- Poster
- Directed by: Ram Gopal Varma
- Written by: Pooja Ladha Surti Sulekha Bajpai Musharaff Ali Khan
- Produced by: Ram Gopal Varma Chitra Subramaniam
- Starring: Abhishek Bachchan Antara Mali Ritesh Deshmukh
- Cinematography: Kiran Reddy
- Edited by: Amit Parmar Nipun Gupta
- Music by: Songs Amar Mohile Shailendra-Swapnil Nitin Raikwar Background Score Amar Mohile
- Production company: RGV Film Company
- Distributed by: T-Series
- Release date: 12 November 2004;
- Running time: 150 minutes
- Language: Hindi

= Naach =

2004 Indian film by Ram Gopal Varma

Naach (Dance) is a 2004 Indian Hindi-language dance film directed by Ram Gopal Varma, starring Abhishek Bachchan, Antara Mali and Riteish Deshmukh.

== Plot ==

Abhinav (Abhishek Bachchan) and Reva (Antara Mali) are two middle-class citizens in the big city of Mumbai. Both are trying to get a breakthrough in their professions. Abhinav wants to be an actor, and Reva wants to be a choreographer. Both meet, fall in love, and spend some intimate moments together.

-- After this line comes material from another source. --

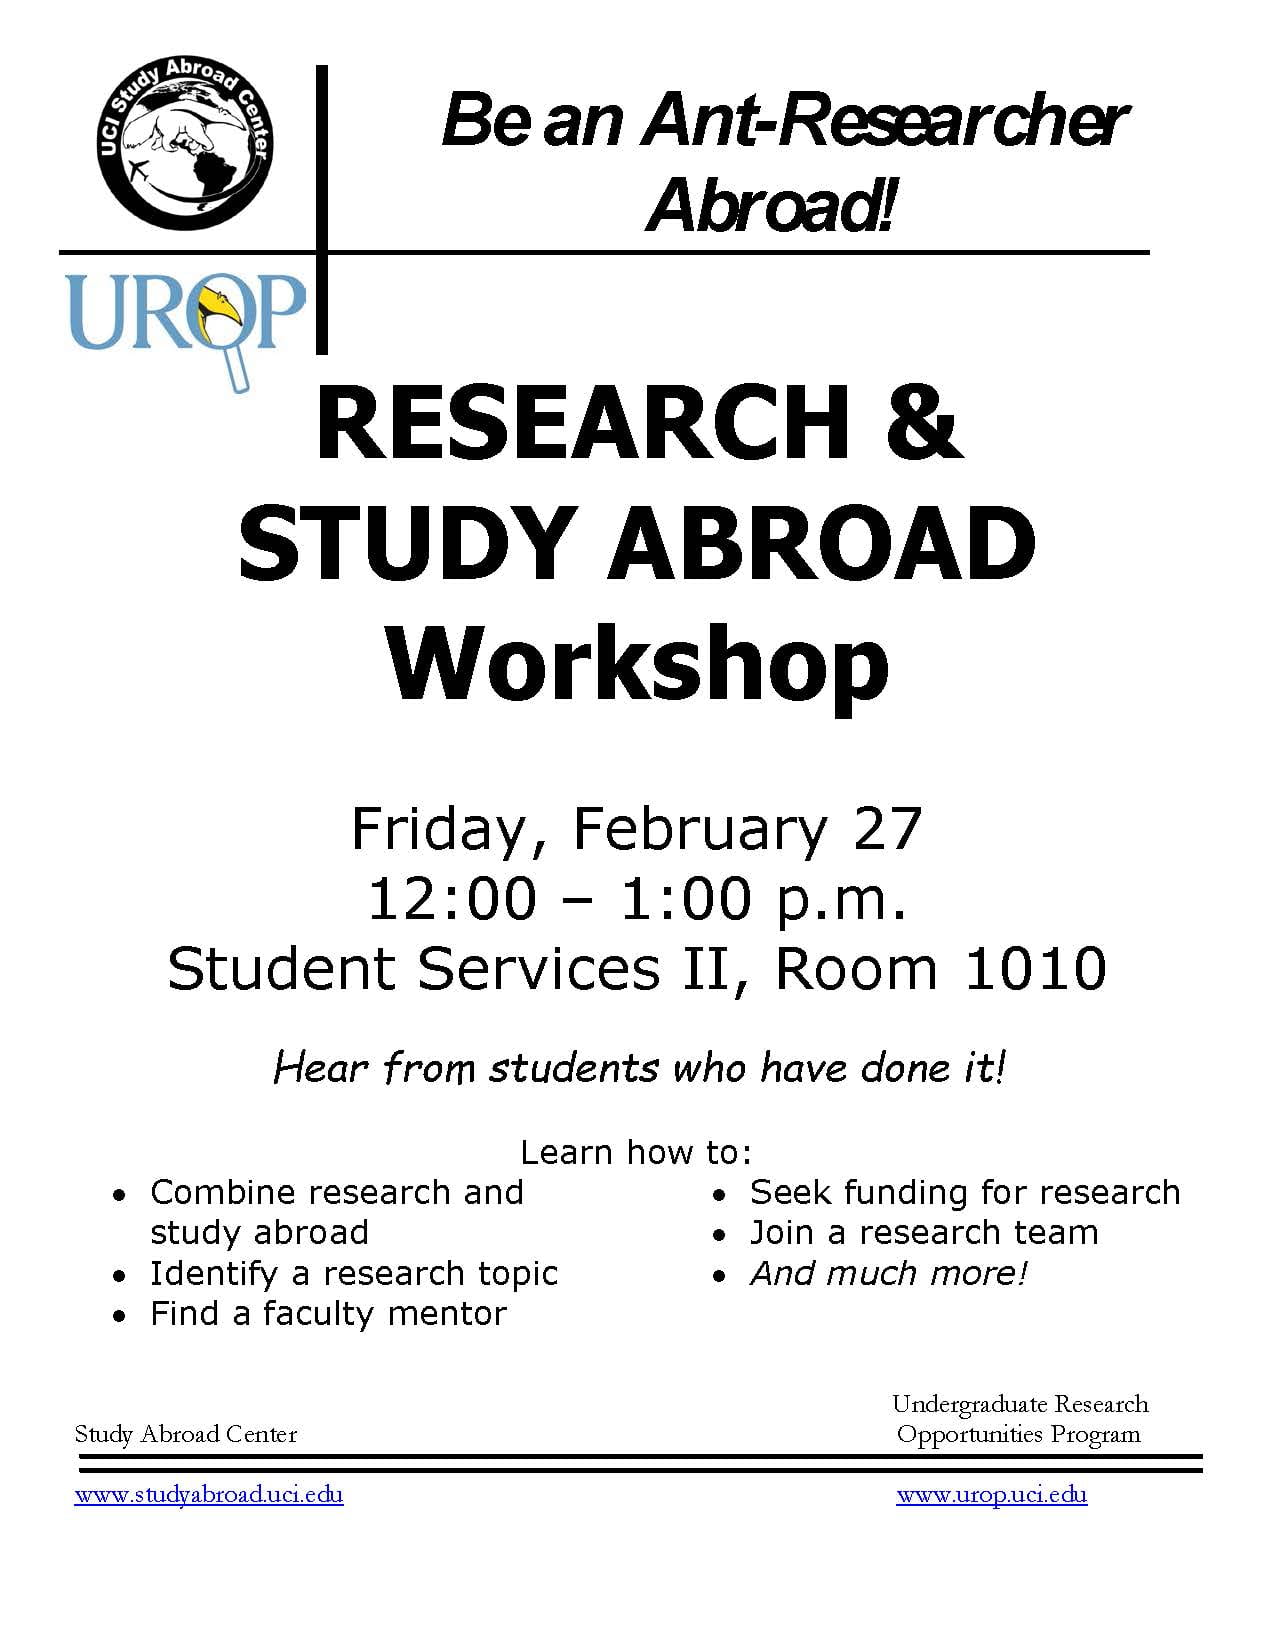 Research & Study Abroad Workshop February 27

Abhinav tries to help Reva out. Things get better when he gets his first film offer; however, Reva refuses his help and wants to make it on her own. Abhinav becomes a huge star. She eventually gets her first offer to choreograph, but the director only wants to approach Abhinav through her. Eventually, both of them drift apart and break up.

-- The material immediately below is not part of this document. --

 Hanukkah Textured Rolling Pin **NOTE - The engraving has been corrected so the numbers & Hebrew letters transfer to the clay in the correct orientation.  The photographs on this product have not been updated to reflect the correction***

Reva finally gets a genuine offer to choreograph by Diwakar (Riteish Deshmukh), who likes her style and work. Reva by now has become a huge star, and soon she is given the offer to work with Abhinav.

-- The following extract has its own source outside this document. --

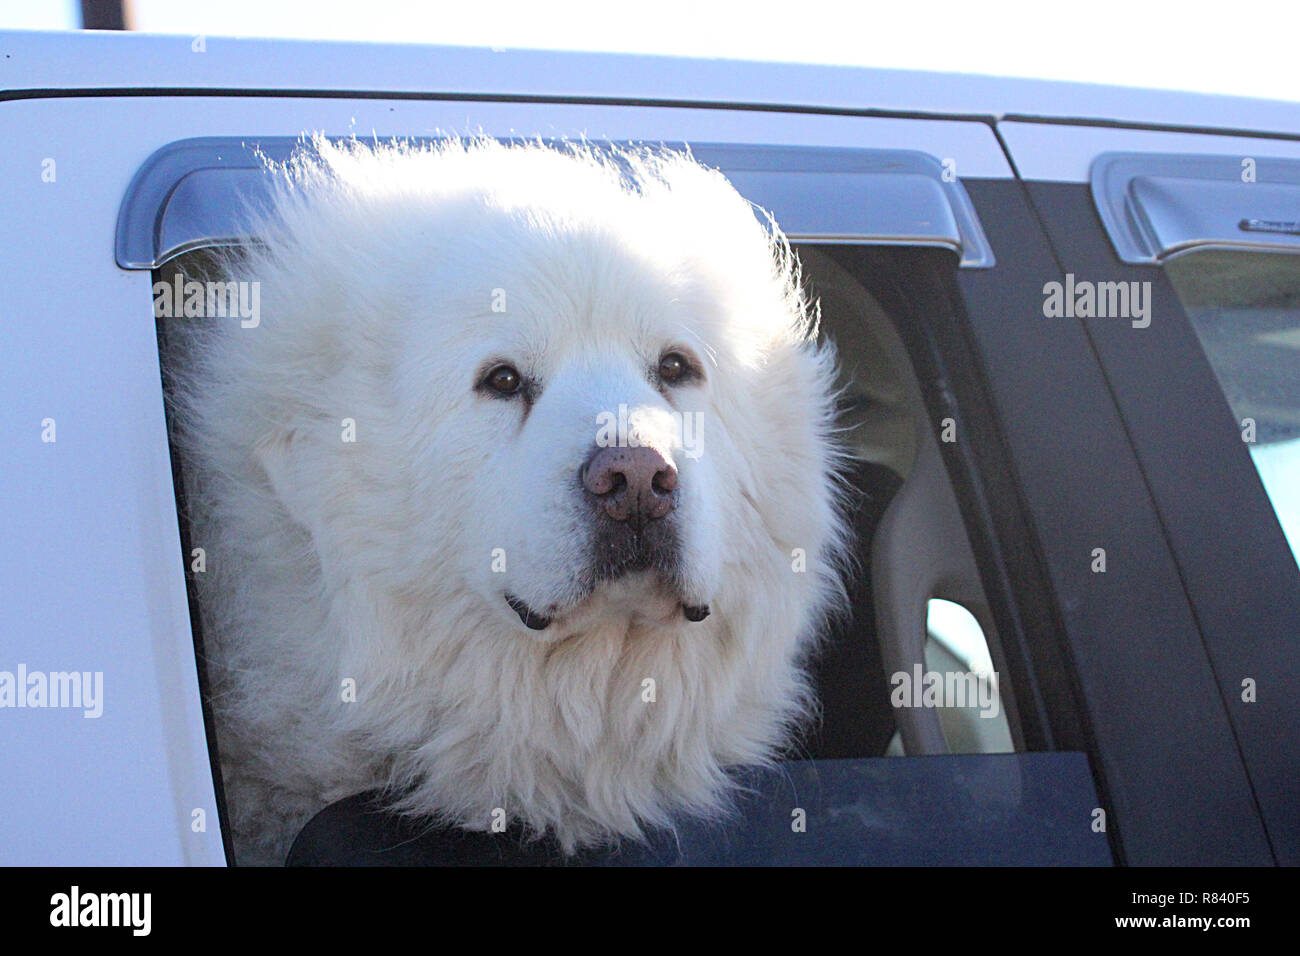 Great White Pyrenees looking out the car window Stock Photo

The rest of the film focuses on whether Abhinav and Reva can put their differences aside and if they get back together.

== Cast ==

- Abhishek Bachchan as Abhinav Kalantri
- Antara Mali as Reva
- Ritesh Deshmukh as Diwakar Pandit
- Rajesh Tandon as Sandesh
- Priya Badlani as Priya
- Manoj Pahwa as Director
- Rajesh Khera as Rajesh Malhotra

==Soundtrack==

The soundtrack of Naach consists of 8 songs composed by Amar Mohile, Shailendra-Swapnil, and Nitin Raikwar; the lyrics of which were written by Nitin Raikwar, Taabish Romani, Jaideep Sahni, and Makrand Deshpande.

Tracklist
| No. | Title | Lyrics | Music | Singer(s) | Length |
|---|---|---|---|---|---|
| 1. | "Berang Zindagi" | Nitin Raikwar | Nitin Raikwar | Sukhwinder Singh & Gayatri Iyer | 04:43 |
| 2. | "Naach Naach Ke" | Taabish Romani | Shailendra-Swapnil | Shweta Pandit | 04:49 |
| 3. | "Ishq Da Tadka" | Nitin Raikwar | Nitin Raikwar | Adnan Sami & Sonu Kakkar | 05:04 |
| 4. | "Sara Sara" | Taabish Romani | Amar Mohile | Kunal Ganjawala, Hema Sardesai & Gayatri Iyer | 03:02 |
| 5. | "Rakth Ka Hai" (Reprise) | Makrand Deshpande | Shailendra-Swapnil | Makrand Deshpande | 06:13 |
| 6. | "Bandhane Lagi" | Jaideep Sahni | Amar Mohile | Shweta Pandit & Sumit Kumar | 06:11 |
| 7. | "Awara Man Mein" | Nitin Raikwar | Amar Mohile | Shweta Pandit | 03:05 |
| 8. | "Rakth Ka Hai" | Nitin Raikwar | Shailendra-Swapnil | Kunal Ganjawala & Shweta Pandit | 05:35 |
| Total length: |  |  |  |  | 38:42 |

==Critical reception==

Rujuta Paradkar of Rediff found the story and music of the film to be weak and the structure of the film to be inspired by Rangeela. The critic gave the film a rating of 3.5 out of 5. Taran Adarsh of Bollywood Hungama praised the acting performances of Antara Mali and Abhishek Bachchan and gave the film a rating of 1.5 out of 5 saying that, "NAACH lacks in that vital department that’s the lifeline of every film – script."

In 2010, Raja Sen of Rediff.com added the film to his list of "75 Landmark Films of the Decade," writing, "Ram Gopal Varma's take on Ayn Rand's Fountainhead features a struggling choreographer and a wannabe actor find and lose themselves through impressively improvised naturalism. Great performances, bonafide heart and RGV's quirkiest frames."